Studying Mechanical Response of Aligned Silver Nano-Composites Using Hybrid Molecular Dynamics-Finite Element Modeling

Fiber reinforced nano-composites are gaining conspicuous importance in several industrial fields due to their superior strength to weigh ratio, fatigue and fracture resistance and damping characteristics. Since experimental procedures in determination and characterization of material properties at nano-scales are considerably expensive, development of modeling and simulation techniques is an ongoing research area and numerous related researches have been carried out during the past decade. In this paper, mechanical properties of a silver nano-composite has been studied. In this investigation, a hybrid Molecular Dynamics (MD) - Finite Element (FE) modelling has been utilized in order to study the mechanical response of aligned silver (Ag) nano fibber composites.

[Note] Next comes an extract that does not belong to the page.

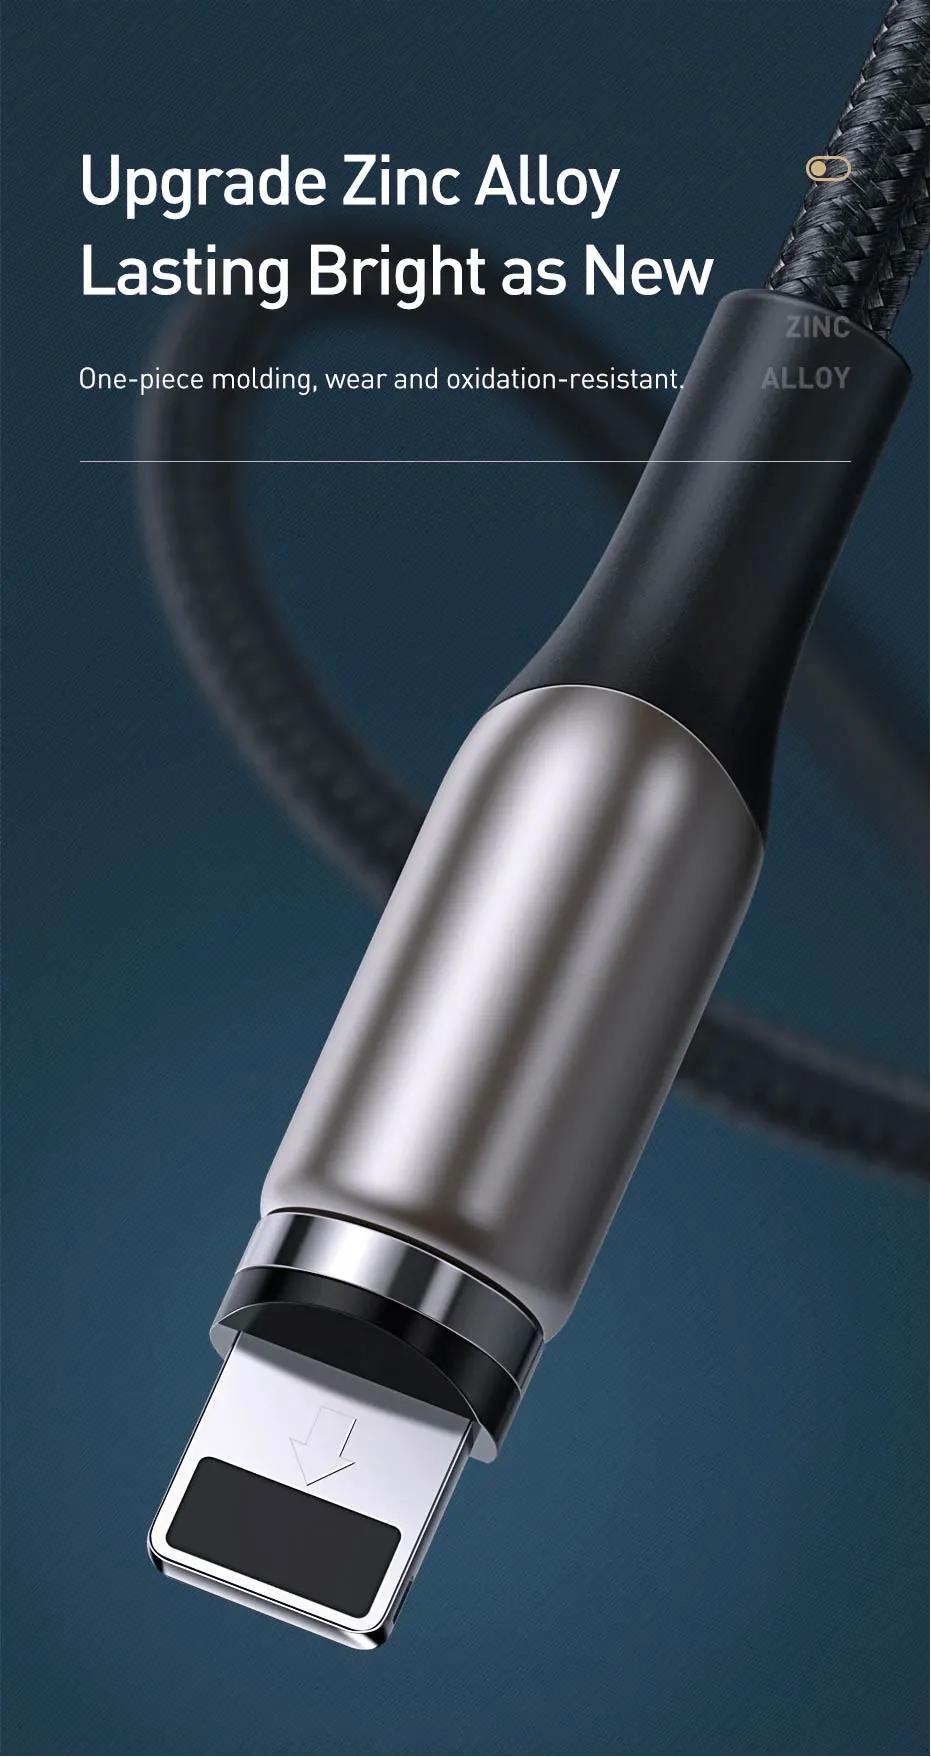 Cabo Usb Para Iphone Magnético Baseus Legitimo Zinc 2A 1 Metro preto (Ref. CALXC-H01)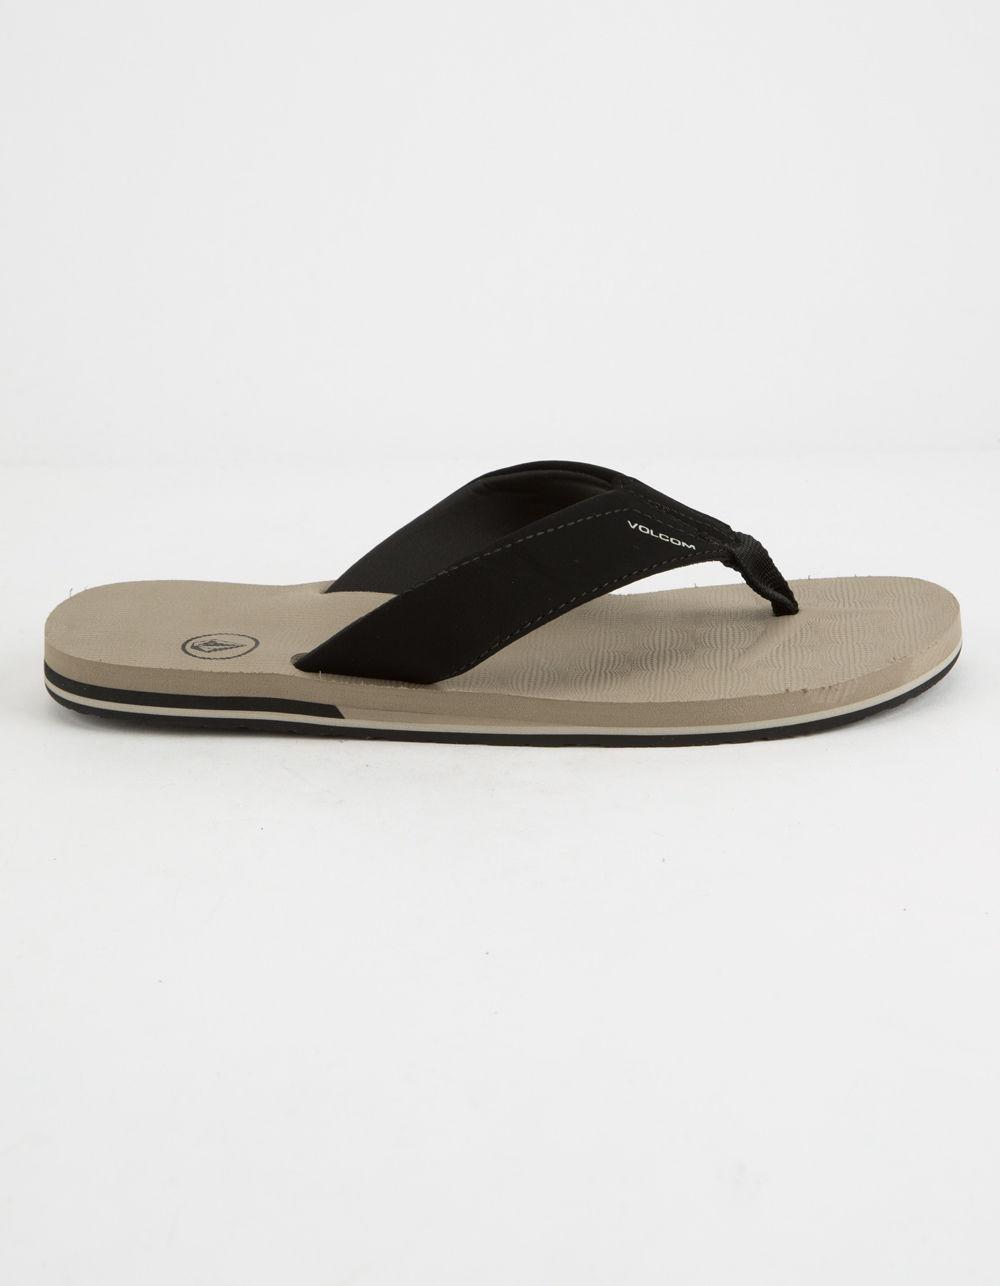 09363d645de9d Lyst - Volcom Victor Mens Sandals in Black for Men

Then the effects of nano fibers aspect ratio and volume fractions on the nano-composite stressstrain response and its energy absorption during displacement controlled loading conditions are studied. The presented Hybrid MD-FE method includes two main steps: the first step includes MD modelings of uniaxial tension of Ag FCC nano specimens in order to obtain their stress-strain response, which can be utilized in the second step, to develop threedimensional FE models of nano-composite unit-cells. The Sutton-Chen potential is used in MD simulations combined with periodic boundary conditions and the Velocity Verlet formulation of Nose-Hoover dynamics to fix the temperature during the loading condition. The results clearly illustrate a major improvement in the mechanical properties of the fiberreinforced composite. It has been demonstrated that the governing parameter is the volume fraction of the fibers while the aspect ratio and other factors do not have a remarkable effect on the mechanical properties of silver nano-composites.